One expert has even dubbed any potential move to cut off funding to Greek banks as "about the most financially violent act imaginable".

Gabriel Sterne, economist at Oxford Economics, said: "Closing a nation's banking system is, frankly, disgraceful; just about the most financially violent act imaginable. If banks do not open, the economy will suffocate."

There have already been signs of suffocation with the imposition of a six day bank holiday and capital controls limiting Greeks to withdrawing €60 per day from their bank accounts. Greek finance Minister Yanis Varoufakis had said that banks will reopen on July 7 but refused to confirm this on the day of the vote.

Greek debt crisis
Greek Prime Minister Alexis Tsipras with German Chancellor Angela Merkel Reuters


Despite the Greek government's claims that the referendum was not a vote on the country's Eurozone membership, experts and European ministers have signalled that a No result would almost certainly pave the way for a Grexit, especially if a parallel currency was minted.

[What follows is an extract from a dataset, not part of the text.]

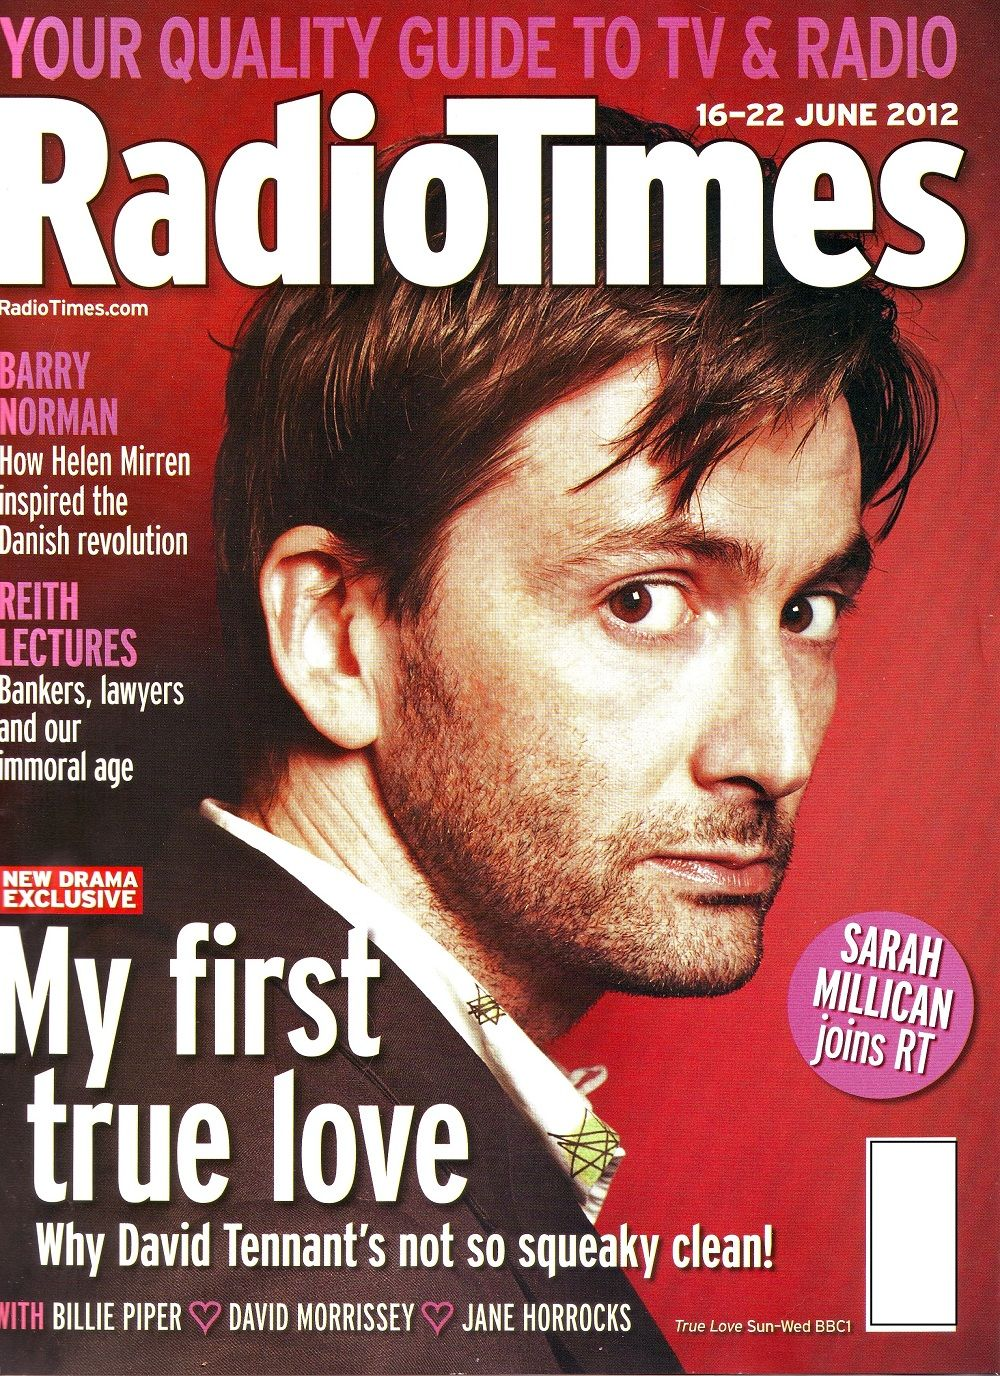 THROWBACK THURSDAY 'My First True Love' David Tennant

Oxford Economics now puts the chances of a Greek exit from the Eurozone at 85%.

"The economy may implode under the weight of bank closures before negotiations conclude. The ECB would need to increase ELA limits, yet for legal or political reasons may not do so. In the meantime the government may need to pay bills in IOUs, and a scrip currency emerges and launches an irreversible momentum towards exit," Sterne added.


Prime Minister Alexis Tsipras said that a 'no' vote would strengthen his position at the negotiating table with the troika and get a better deal for the Greek people.

While experts believe this is unlikely, the threat of Grexit, and by extension the prospect of the entire European project being dealt a hammer blow, may force the EU's hand.

Without a bailout programme in place, Greece will miss another debt payment due to the ECB on July 20.

"With no programme at least provisionally agreed by then, a series of missed payments/defaults would tend to hasten Greece's departure from the euro. It is not impossible that creditors back down a little in this situation, but any conditionality on further bailout payments would probably still be unacceptable to a large number of Syriza MPs, so the result would be likely to be the same," Hare said.

However, Greek labour minister Panos Skourletis said immediately after the result: "The government can go now with a very strong card to continue negotiations."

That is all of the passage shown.